News

Cross-Pilot Evaluation in MOTIVATE XR:  Building Evidence across Industrial Contexts 

Validating an emerging XR platform in real industrial settings is not only a technical challenge; it is also a human and organisational one. Within MOTIVATE XR, five industrial pilots operate in highly diverse environments, ranging from aerospace and aluminium manufacturing to energy distribution, home appliances, and human-robot hybrid manufacturing. Each pilot is embedded in a distinct socio-technical context shaped by its own workflows, safety requirements, training practices, and expectations towards immersive technologies. 

These differences matter. An XR training system that fits well within one industrial setting may require significant adaptation in another. For this reason, evaluating the MOTIVATE XR platform solely at the level of individual pilots would provide an incomplete picture. What is needed instead is a structured way to understand technological maturity, user experience, and technology acceptance across contexts, while remaining sensitive to their specific constraints. 

Against this backdrop, TU Delft led the cross-pilot evaluation within Task 7.8. The objective was to generate a harmonised and comparable evidence base capable of validating the beta version of the MOTIVATE XR platform and guiding the next development cycle. Rather than focusing on isolated pilot outcomes, the evaluation was explicitly designed to look across pilots, identifying common patterns, context-dependent dynamics, and shared opportunities for refinement. 

This blog post describes the process, methodology, and value of the cross-pilot evaluation. It explains why such an evaluation is essential in a multi-pilot XR project, how it was conducted in practice, and how it supports evidence-based decision-making as MOTIVATE XR progresses towards final validation. 

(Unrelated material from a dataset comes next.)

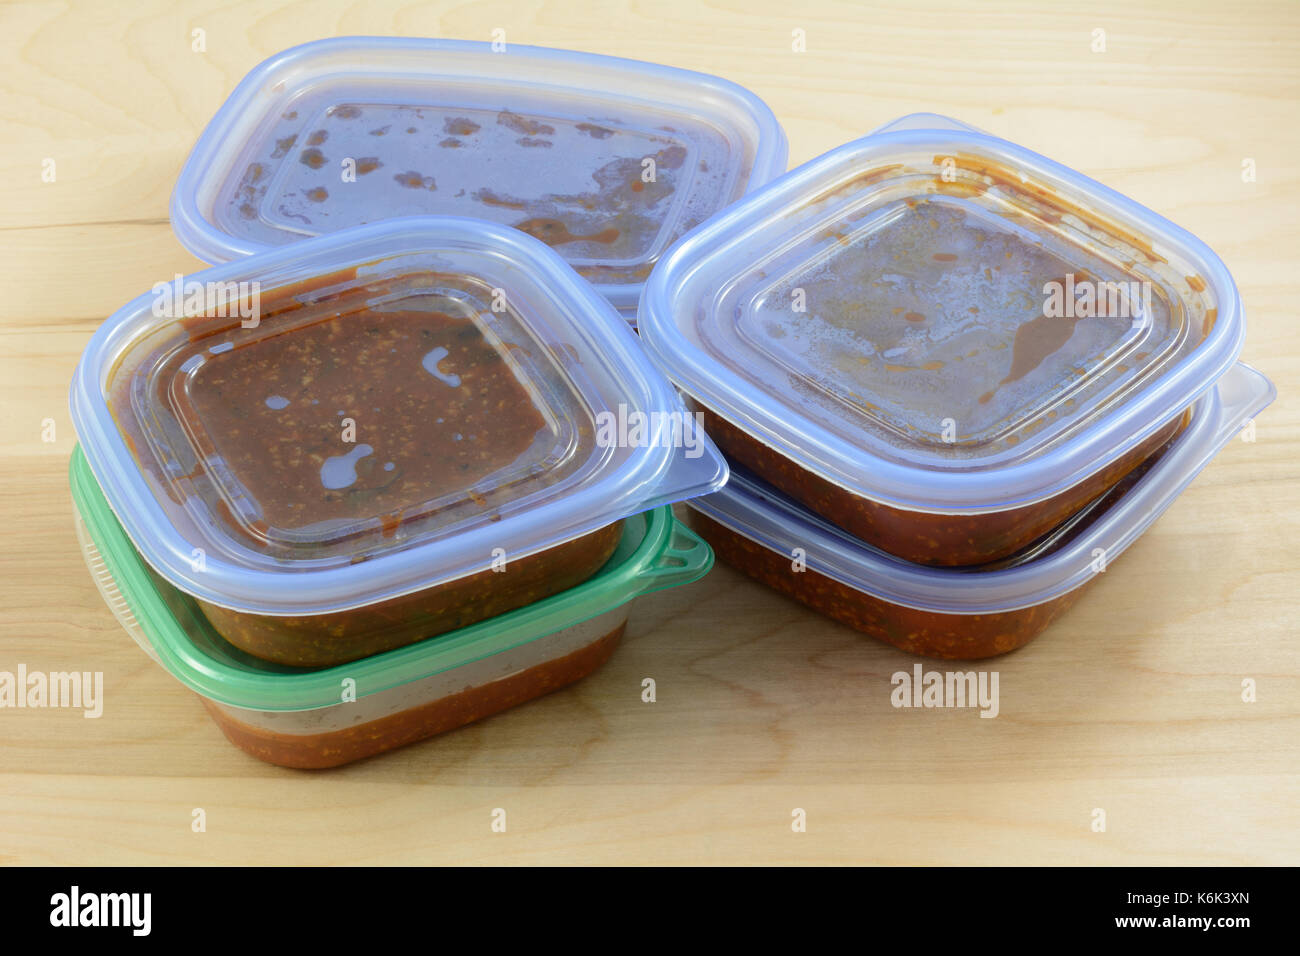 Lotto di tacchino cotto spaghetti sauce pit in contenitori di stoccaggio per il congelamento rapido per il futuro i pasti Immagini Stock

Why a Cross-Pilot Evaluation Matters

In multi-pilot innovation projects, evaluation activities are often conducted locally. Each pilot may use different instruments, criteria, or timelines, reflecting local priorities and operational realities. While these local evaluations can be informative, they also create fragmentation. Without a shared framework, it becomes difficult to answer project-level questions that are critical for continuation, refinement, and scale-up. 

In particular, fragmented evaluation makes it challenging to assess how mature the technology is across pilots, how user perceptions change once participants move from expectations to hands-on experience, and which challenges point to platform-level design priorities rather than context-specific issues. 

The cross-pilot evaluation in MOTIVATE XR was designed to address these challenges directly. Its purpose was not to rank pilots or to label outcomes as successes or failures. Instead, it aimed to create a shared reference frame for understanding technological readiness, user experience, and technology acceptance across highly diverse industrial environments. This approach enables meaningful comparison while avoiding simplistic conclusions that ignore contextual differences. 

HarmonisedTheory-Driven Evaluation Framework 

To ensure comparability and methodological robustness, TU Delft implemented a consistent, mixed-methods evaluation framework across all five pilots. The framework integrates technological assessment with human-centred evaluation and is grounded in established research models and standards. 

At a high level, the framework combines three complementary perspectives: 

  • Technological maturity, assessed through Technology Readiness Levels, to establish whether the platform is sufficiently stable and functional in relevant operational environments [1,2]. 
  • User experience and usability, capturing how the system is perceived and experienced during actual use, drawing on established usability and UX instruments [4–6]. 
  • Technology acceptance, examining how expectations, perceptions, and intentions evolve over time using the Technology Acceptance Model 3 (TAM3) [3]. 

 

Using validated instruments is essential for producing evidence that is not only descriptive but also interpretable and reusable across project phases. A structured evaluation timeline was defined to ensure that data were collected at comparable moments across pilots, allowing differences to be attributed to context and experience rather than to methodological inconsistencies. 

Evaluation Process and Timeline 

The evaluation followed both the technology and the user journey over time, rather than relying on a single snapshot. This longitudinal perspective is particularly important for XR technologies, where first impressions may differ substantially from experience-based judgements formed after training and practical use. 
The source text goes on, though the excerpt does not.